= One Plum Blossom =

Taiwanese television drama series

One Plum Blossom (一剪梅 (Yī jiǎn méi)) is a 1984 TV series shown on Taiwan's China Television, starring Shen Hai-jung (沈海蓉) and Kou Shih-hsiun (寇世勳) and set in 1930s China. It aired 25 episodes from December 17, 1984, to January 18, 1985, every Monday to Friday evening at 8.00 pm.

Two remakes of the drama have been made: Grief Over Qinghe River (2000) starring Jiang Qinqin (蒋勤勤) and Vincent Zhao, and New One Plum Blossom (2009) starring Lu Yi and Wallace Huo.

==Theme==
The theme song, Yi jian mei, was sung by Taiwanese singer Fei Yu-ching.

==Plot==
The fiery Shen Xinci runs away from her psychopathic fiancé, Liang Yongchang, after finding out the truth. On the way she meets Zhao Shijun, who sympathizes with her and gives her some money to pay off her father's medical bills. After the death of her father, Xinci decides to find Shijun and repay his kindness, no matter the request.

For the sake of the water supply and to make peace between the two towns of Shahe and Wanjiazhuang, Zhao Shijun is forced to marry Mayor Wan's daughter, Wan Qiuling.

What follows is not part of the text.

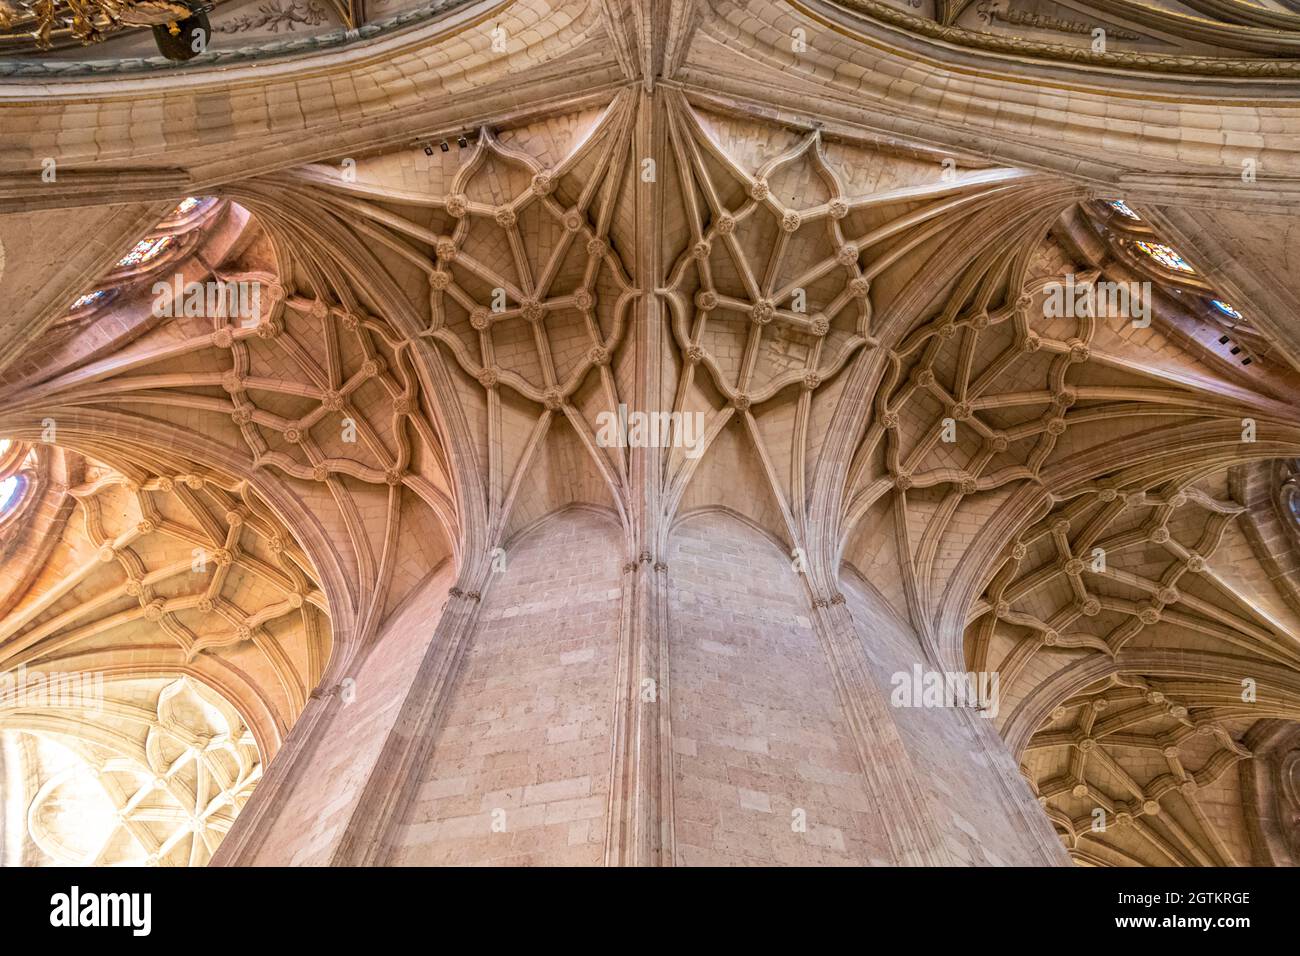 Ségovie, Espagne. Voûte nervurée gothique à l'intérieur de la cathédrale de Ségovie à la ambulatoire ou à l'abside Banque D'Images

On the way back to her new home, Qiuling, who has been seriously ill since childhood, falls sick; but is rescued by a mysterious doctor, Liang Yongchang. He tells her that her disease can be cured, but she will not be able to give birth to a child in the future. Desperate to keep the family going, Qiuling takes Yongchang's advice and she drugs her husband and switches places with another woman, so that the woman can get pregnant instead of her; however, the woman turns out to be Shen Xinci, which causes Yongchang to go out to seek revenge on Zhao Shijun and everyone that is in his way, which results in Xinci's death.

==Later versions==
===Grief Over Qinghe River===
Grief Over Qinghe River (青河絕恋) is a 2000 remake with 30 episodes, starring Jiang Qinqin (蒋勤勤) and Vincent Zhao.

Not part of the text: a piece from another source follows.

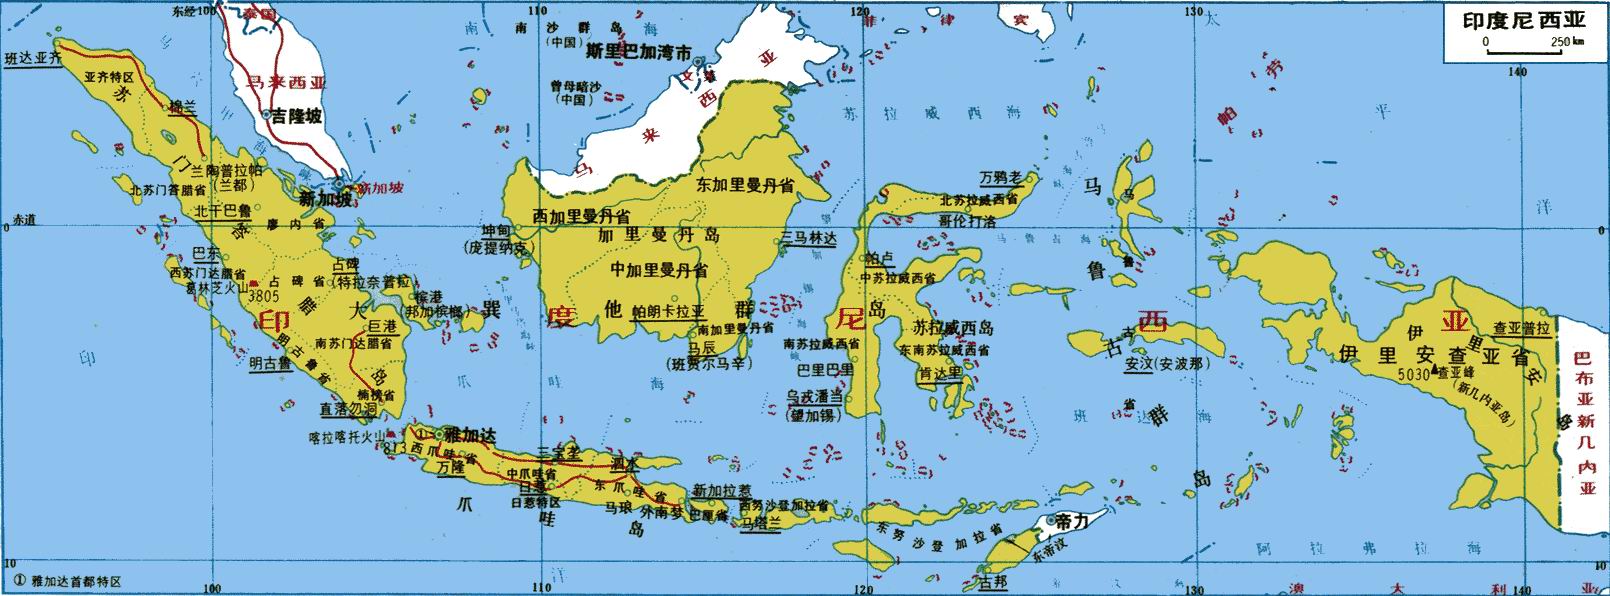 9·26印度尼西亞阿魯群島地震

It was shot entirely in Mainland China. Compared to the 1984 original series, the main origins of the story had not changed.

===New One Plum Blossom===
New One Plum Blossom (新一剪梅 (Xīn Yī Jiǎn Méi)) is a 2009 remake consisting of 40 episodes and starring Lu Yi and Wallace Huo. It was also shot in Mainland China.

Although the names of the characters and the origins of the story (Shahe and Wanjiazhuang's water source conflict) in this remake are the same as the original series, many new elements were added to the story, including the development of the characters and their relationships, resulting in a relatively different plot from the previous version.